** Task to complete **
An exact copy of all the data is required, with pictures left out.
+++ Information supplied
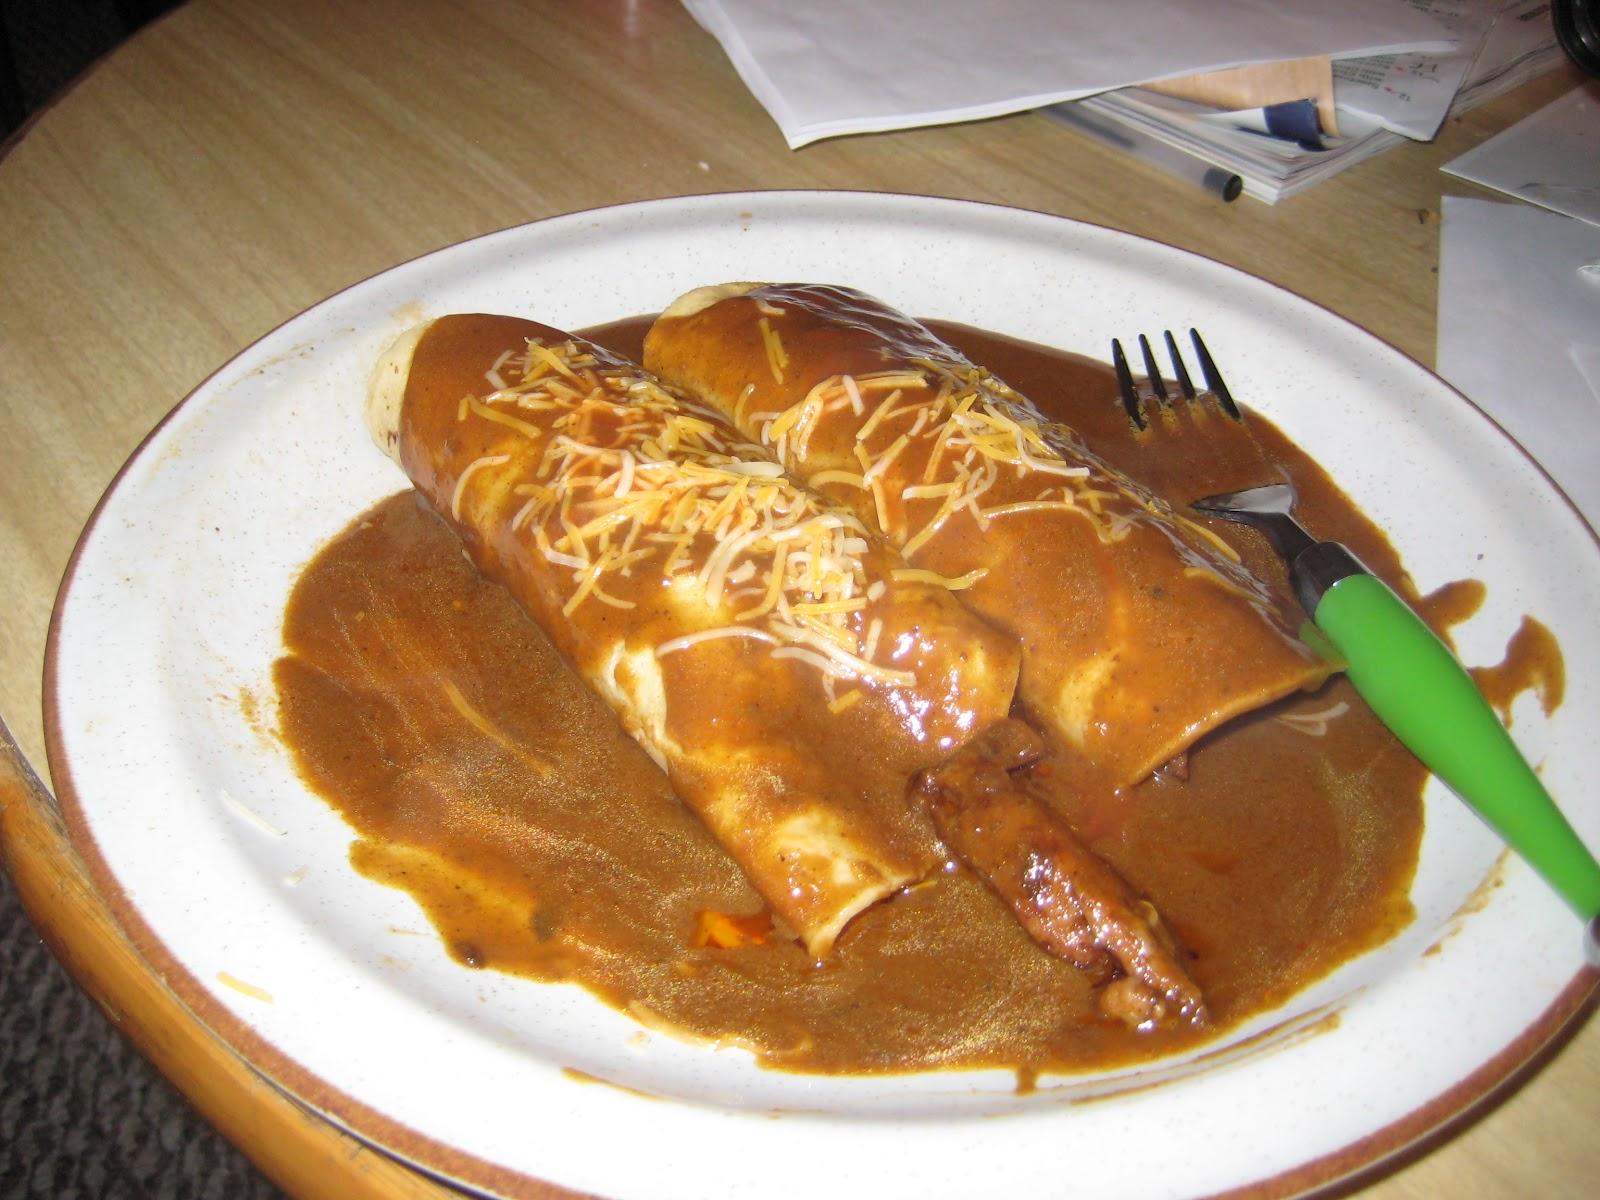 enchiladas enmoladas or mole enchiladas chicken enmoladas mole chicken ...
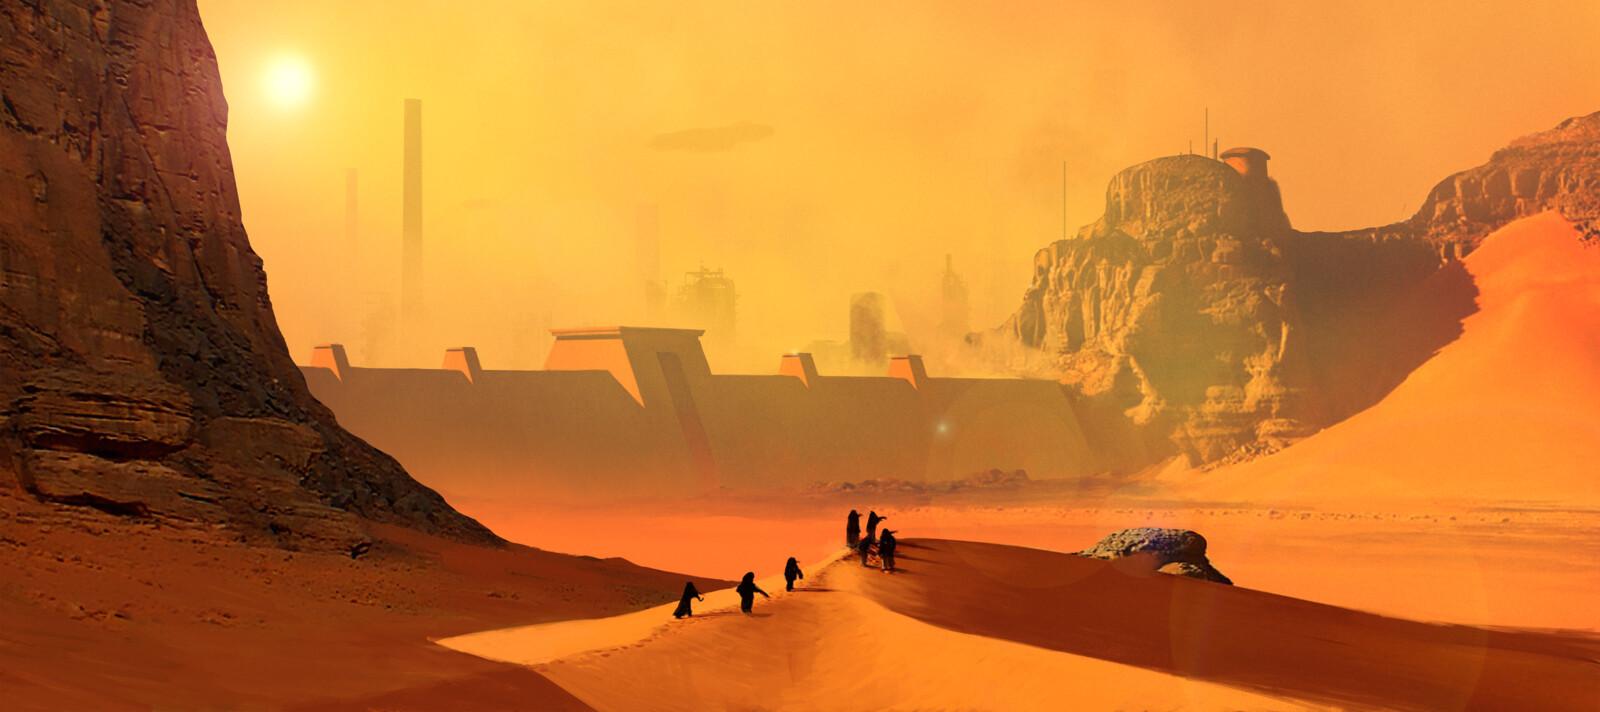 Arrakis Shield Wall
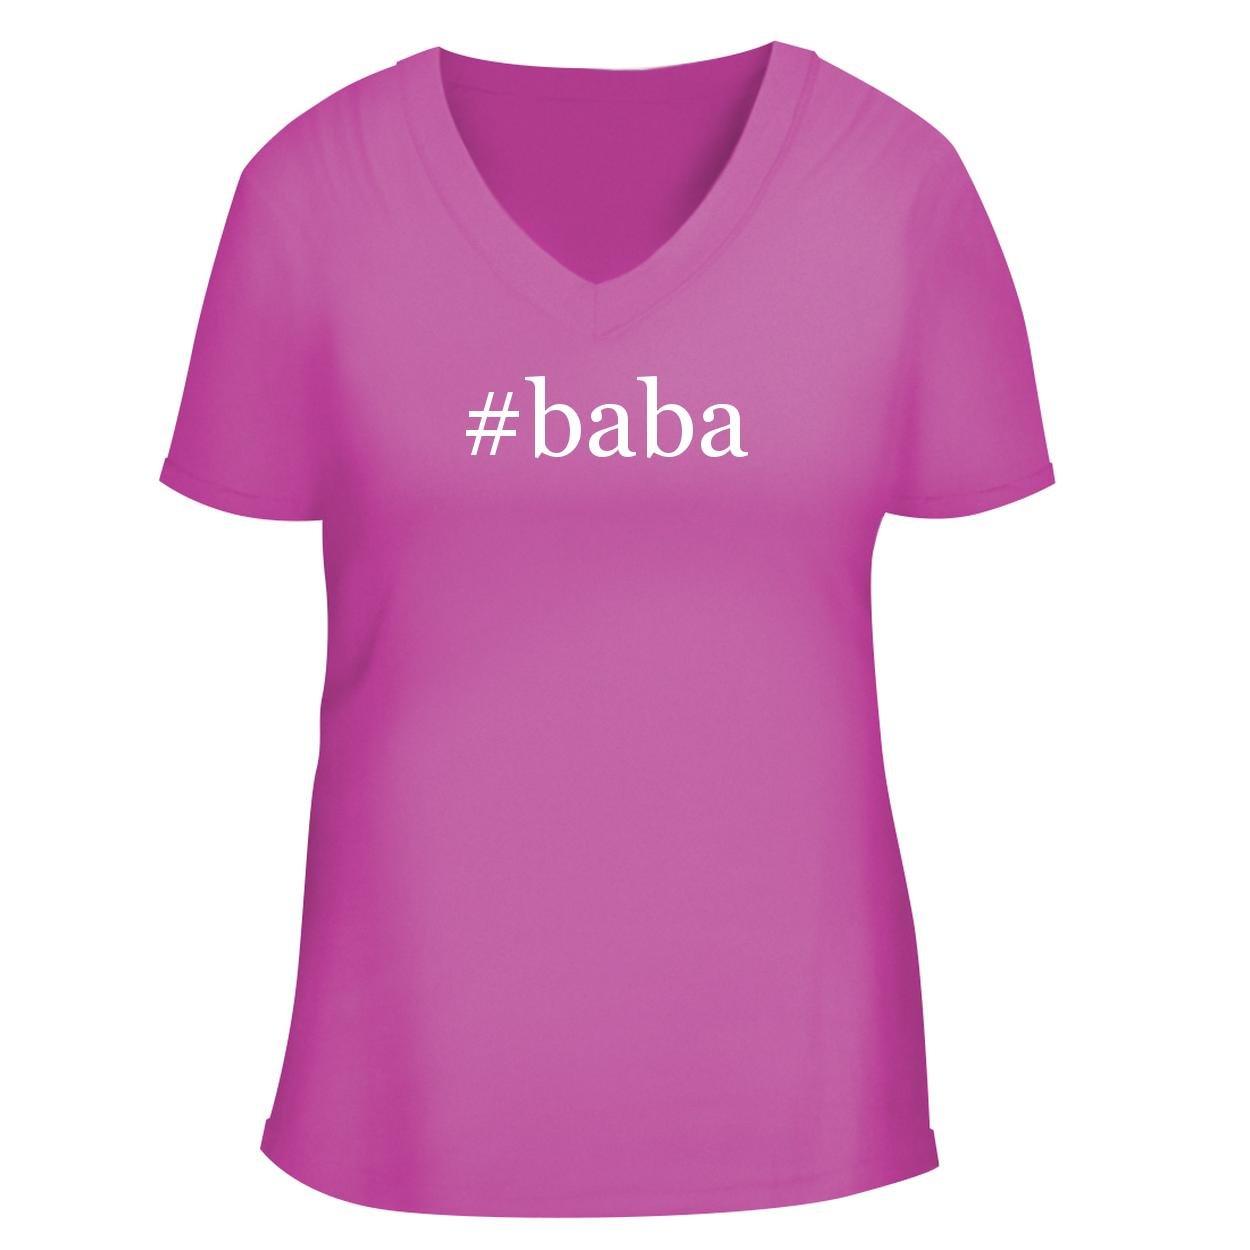 Baba Cute Graphic Tee 3703 Shirts
++++++
** Solved problem **
 enchiladas enmoladas or mole enchiladas chicken enmoladas mole chicken ...
 Arrakis Shield Wall
 Baba Cute Graphic Tee 3703 Shirts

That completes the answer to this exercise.